I have low standards for video game stories and find most of the games people laud as amazing story-telling devices to be… average, at best? The best story games tend to be maybe as good as an average television episode or film in terms of narrative. And I don’t think CP2077 is any exception here; it has a few high points and a lot of filler that moves along and gives you plausible reasons for shootin’ dudes and that’s basically fine with me. I have no attachment to the source material and don’t really care if it’s a faithful reconstruction of Gibson’s vision because I’m playing it to entertain myself and it succeeded in being entertaining.
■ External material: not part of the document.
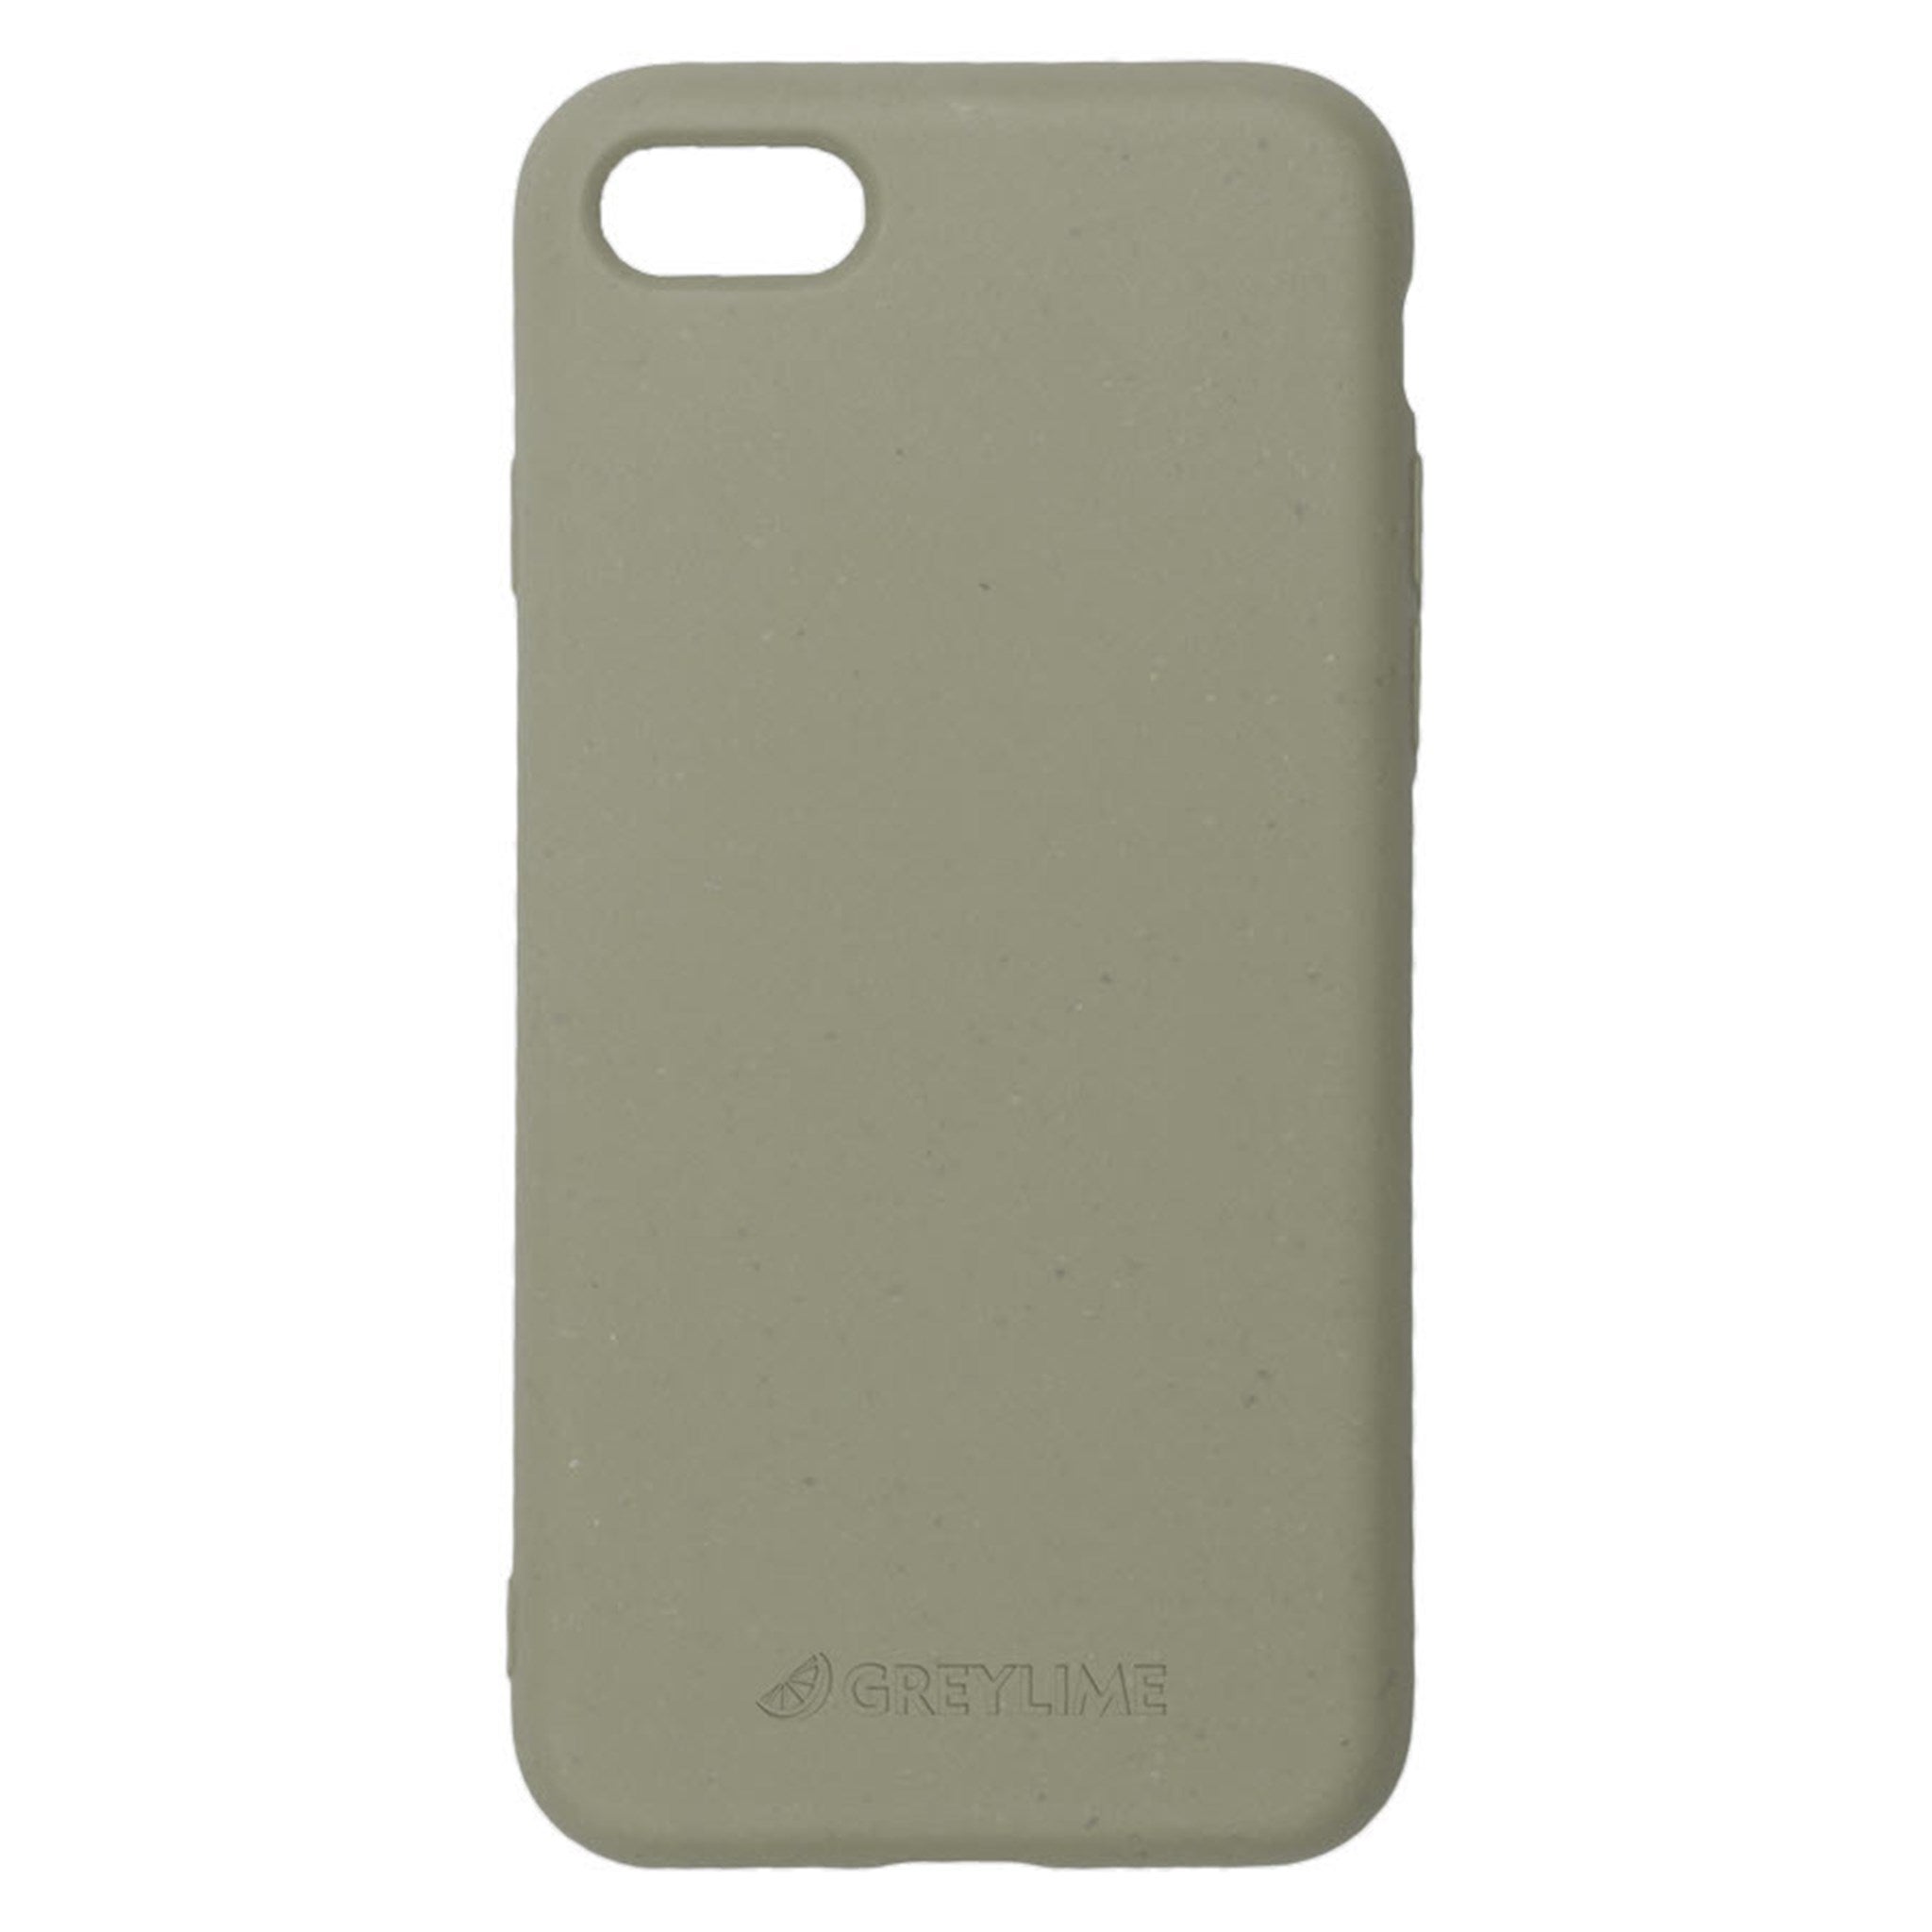 COIP67809-GreyLime_iPhone_6-7-8-SE_Biodegradable_Cover_Green_01.jpg

Reading the NPR review, I felt like the author didn’t finish the game if he honestly believed that “Worlds and fortunes hang in the balance of everything V does” and laughed at the idea of sticking it to mega-corps by refusing to play as though CDPR is a “mega-corp”.
It’s rapidly becoming clear to me that this game grows on you as you play it. It’s actually really excellent in many ways, but it makes a bad first impression and if you get glitches, which I did, it is easy to condemn it pretty quickly.
Once things smooth out and the game opens up and moves along well, it is a really great game. I do think it was stripped a bit down from an even bigger experience, but what we get is pretty vast.
I heard a guy 100% cleared the map of all gigs, sidequests, and other stuff and he said it took him 47 hours(including the main story as well). I find that short. I am at about 23-25 hours and it easily would have 40+ more hours if I did everything. I won’t, but it looks pretty long.